-- Dataset extract --
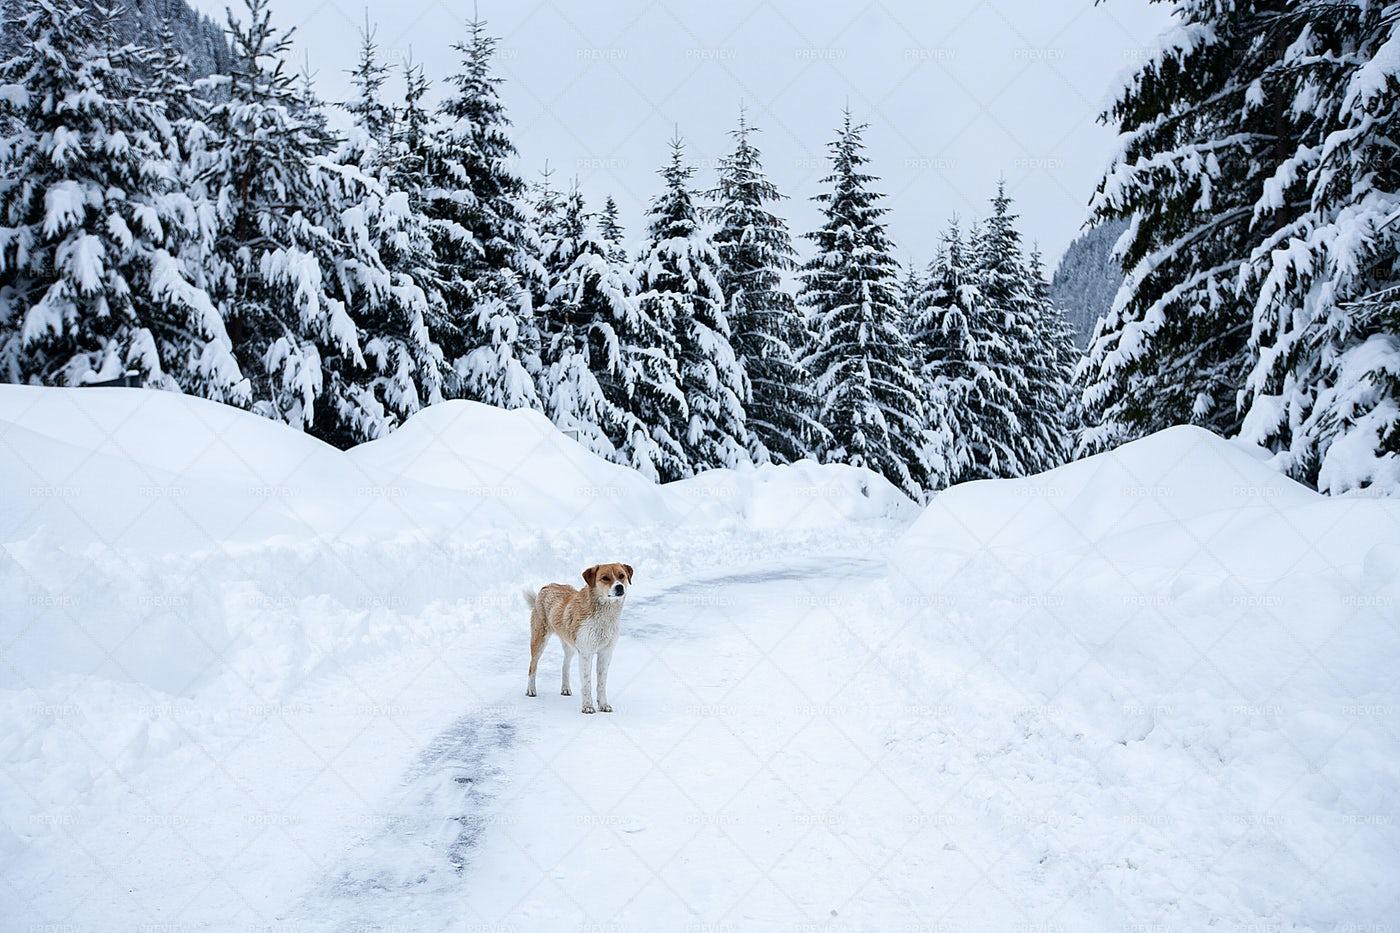 Dog And Wonderland Landscape: Stock Photos
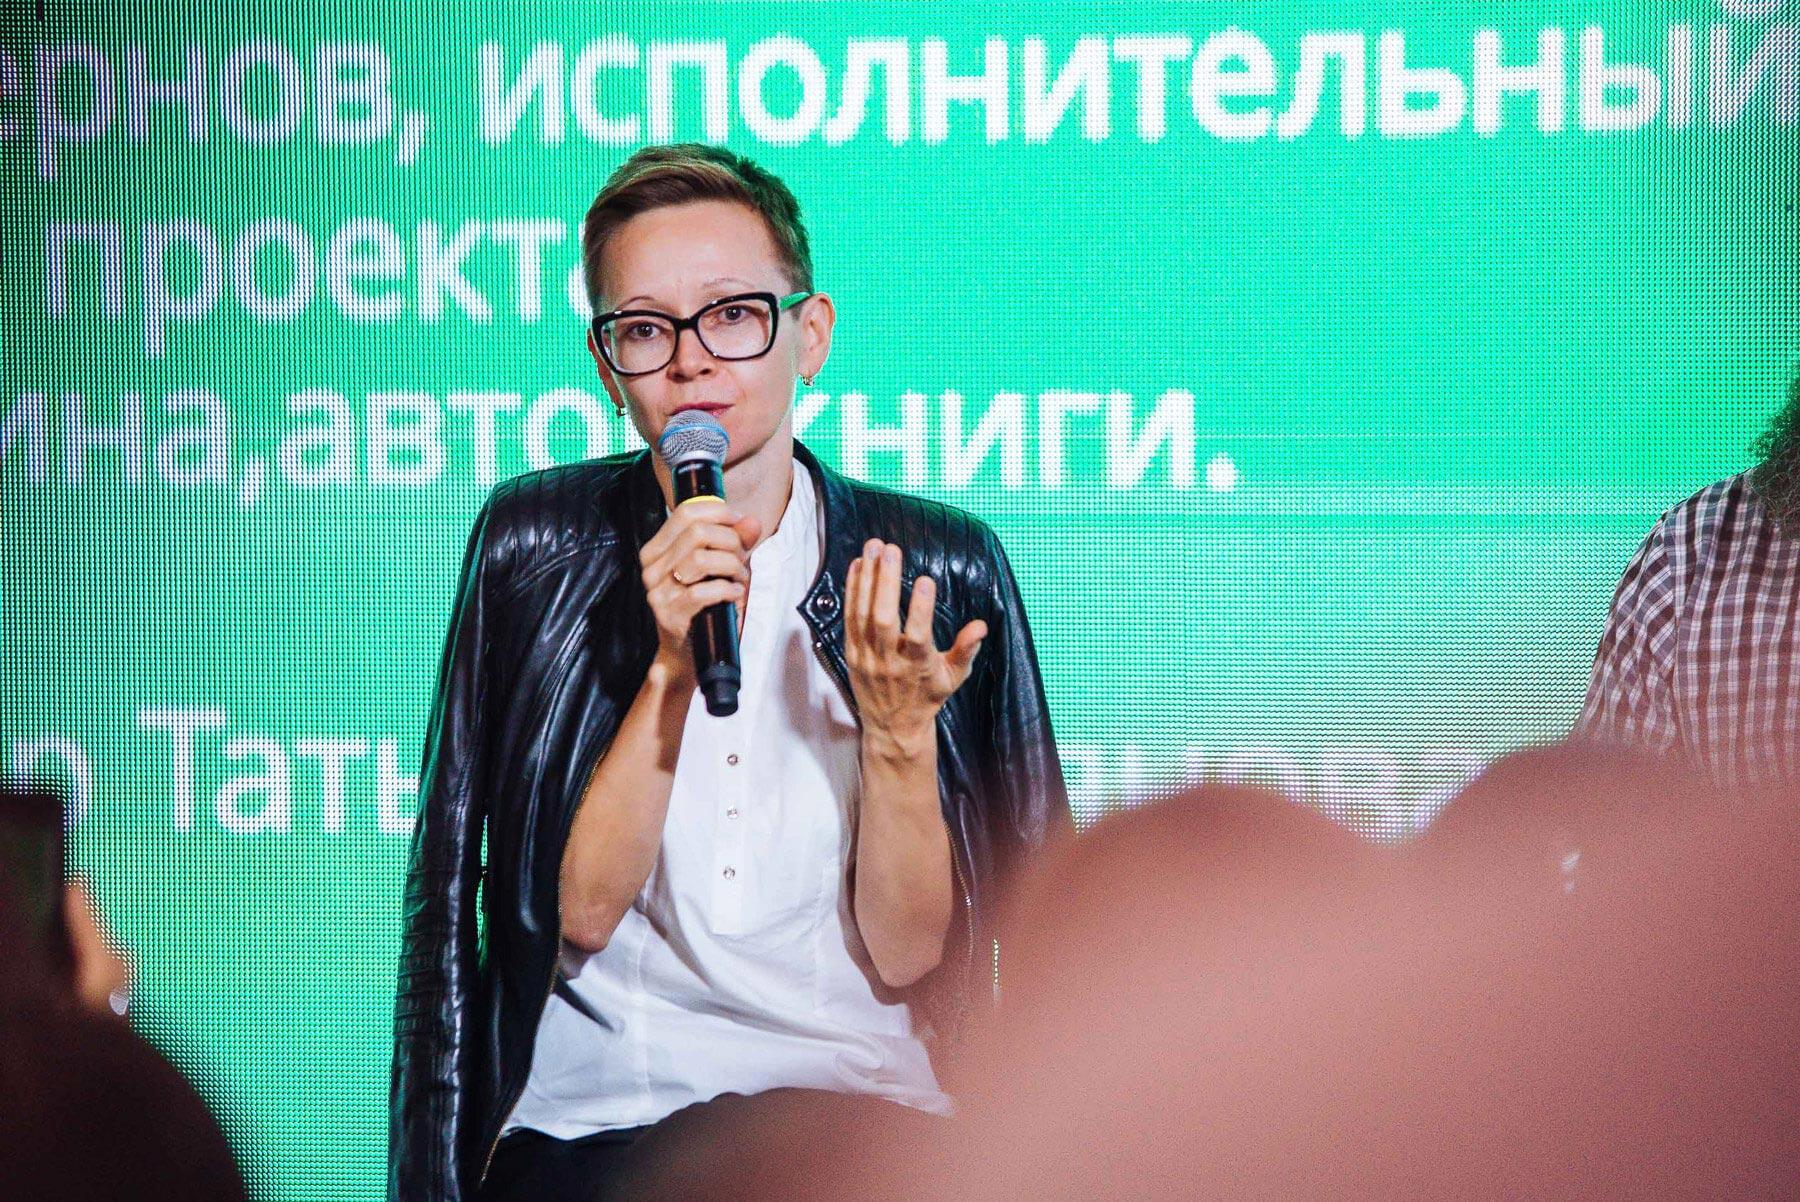 Гузель Яхина выступает на Московской книжной ярмарке, 2019. Фото предоставлено писательницей
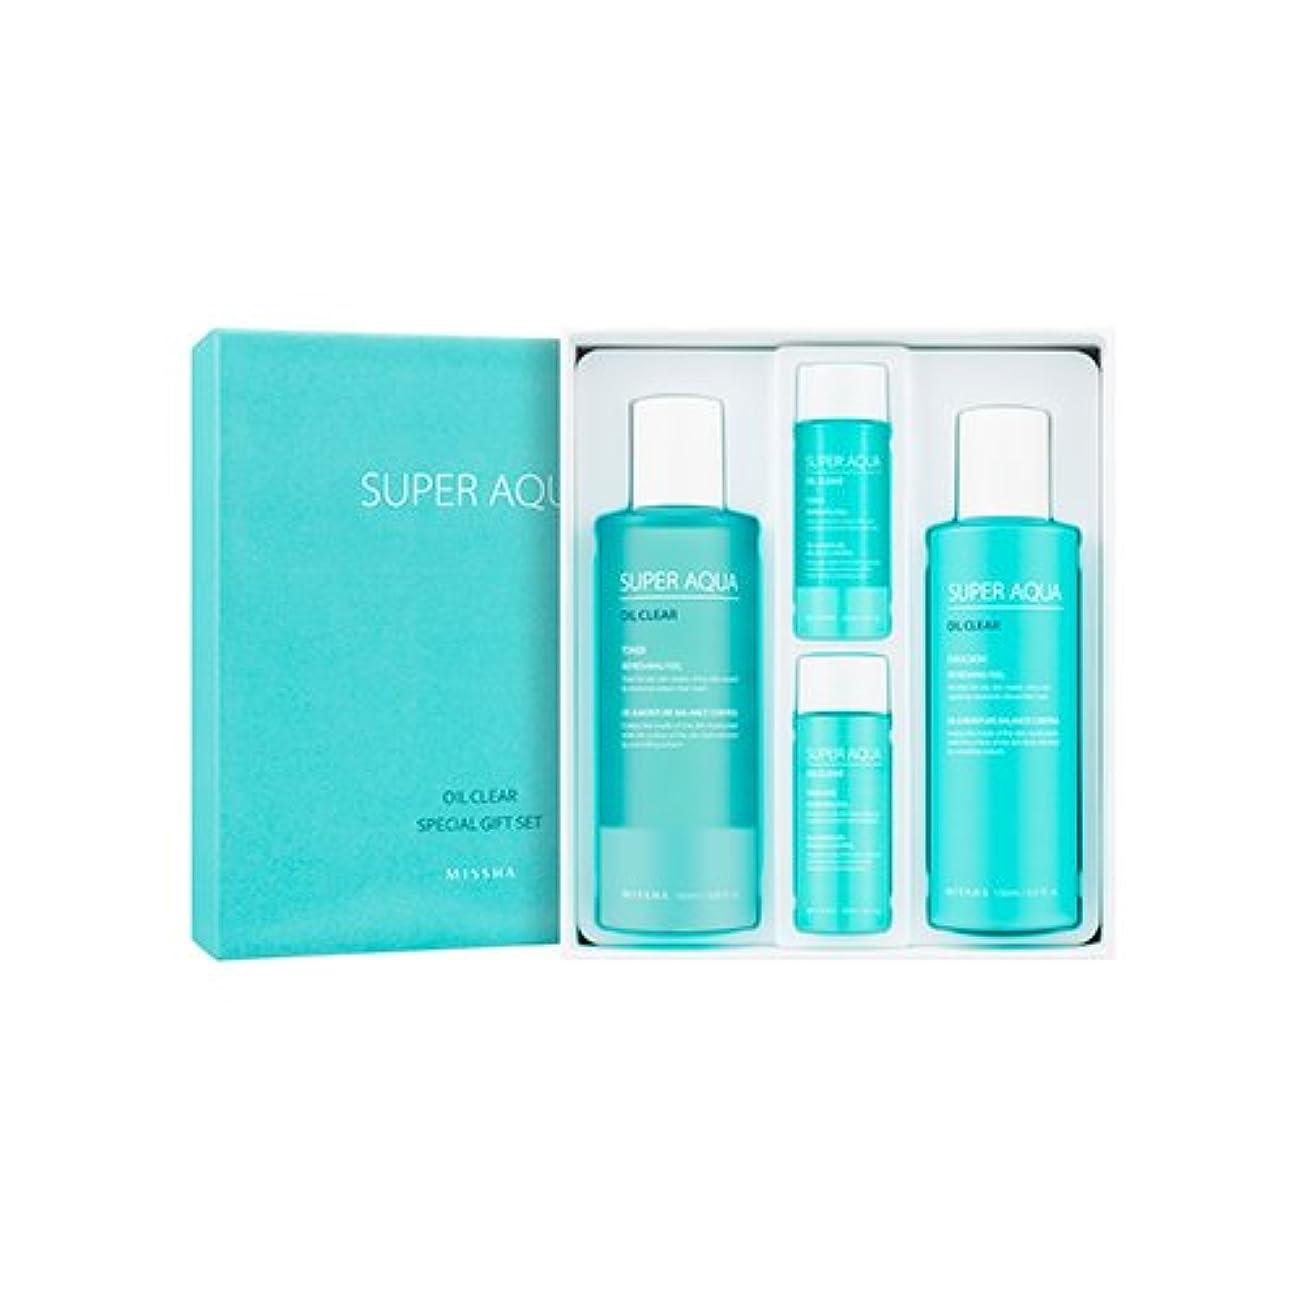 一貫したラフインストールMISSHA Super Aqua Oil Clear Special Gift Set/ミシャ スーパーアクアオイルクリアスペシャルギフトセット [並行輸入品]
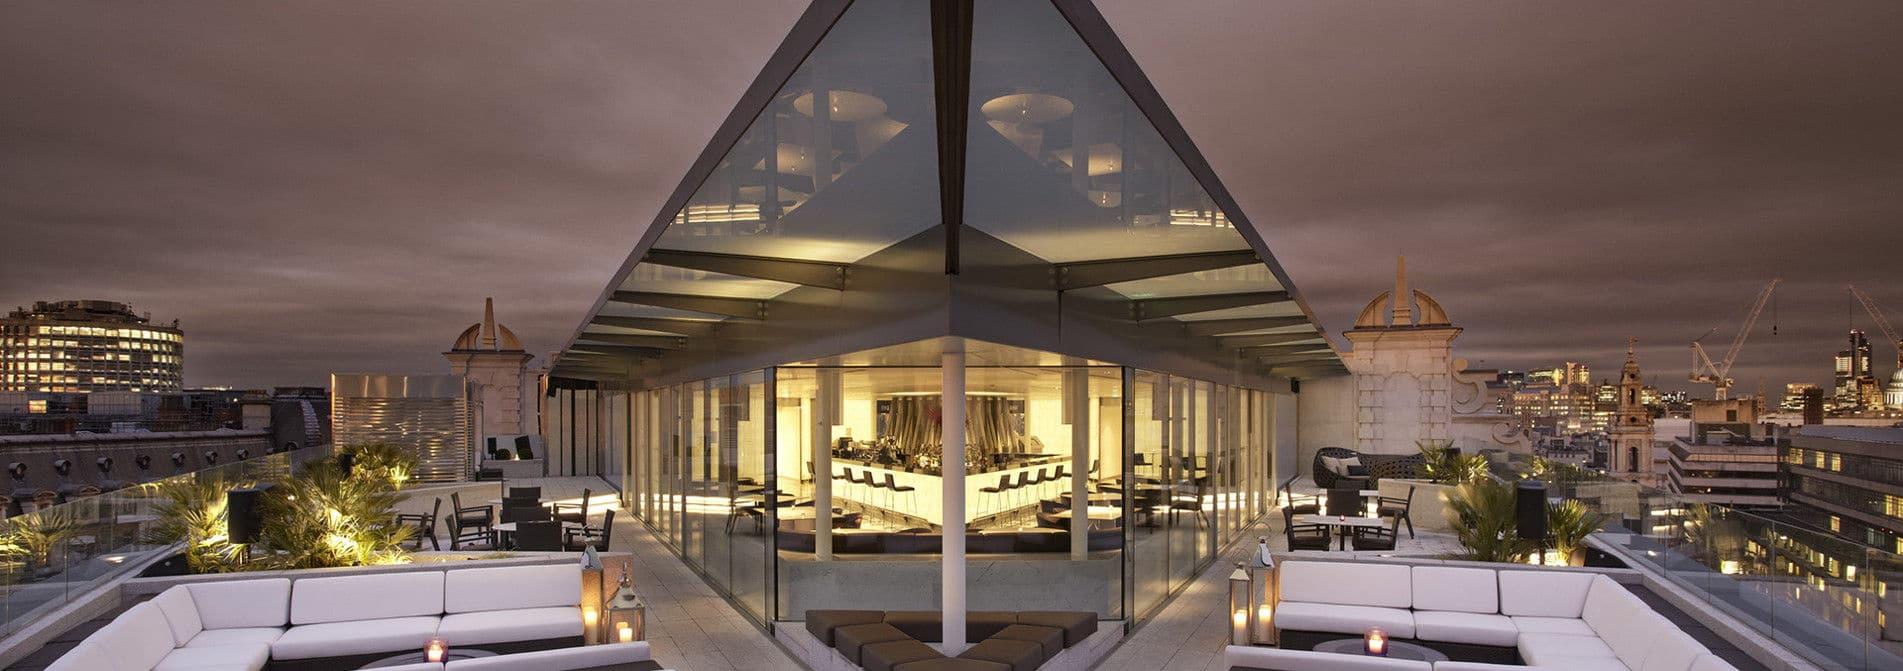 Hotel Spa Luxe Proche Paris

-- What is needed --
Your answer should consist solely of the lines from the one holding "一貫したラフインストールMISSHA Super Aqua" through the end of the listing, reproduced exactly and without pictures.

-- Response to the exercise --
 一貫したラフインストールMISSHA Super Aqua Oil Clear Special Gift Set/ミシャ スーパーアクアオイルクリアスペシャルギフトセット [並行輸入品]
 Hotel Spa Luxe Proche Paris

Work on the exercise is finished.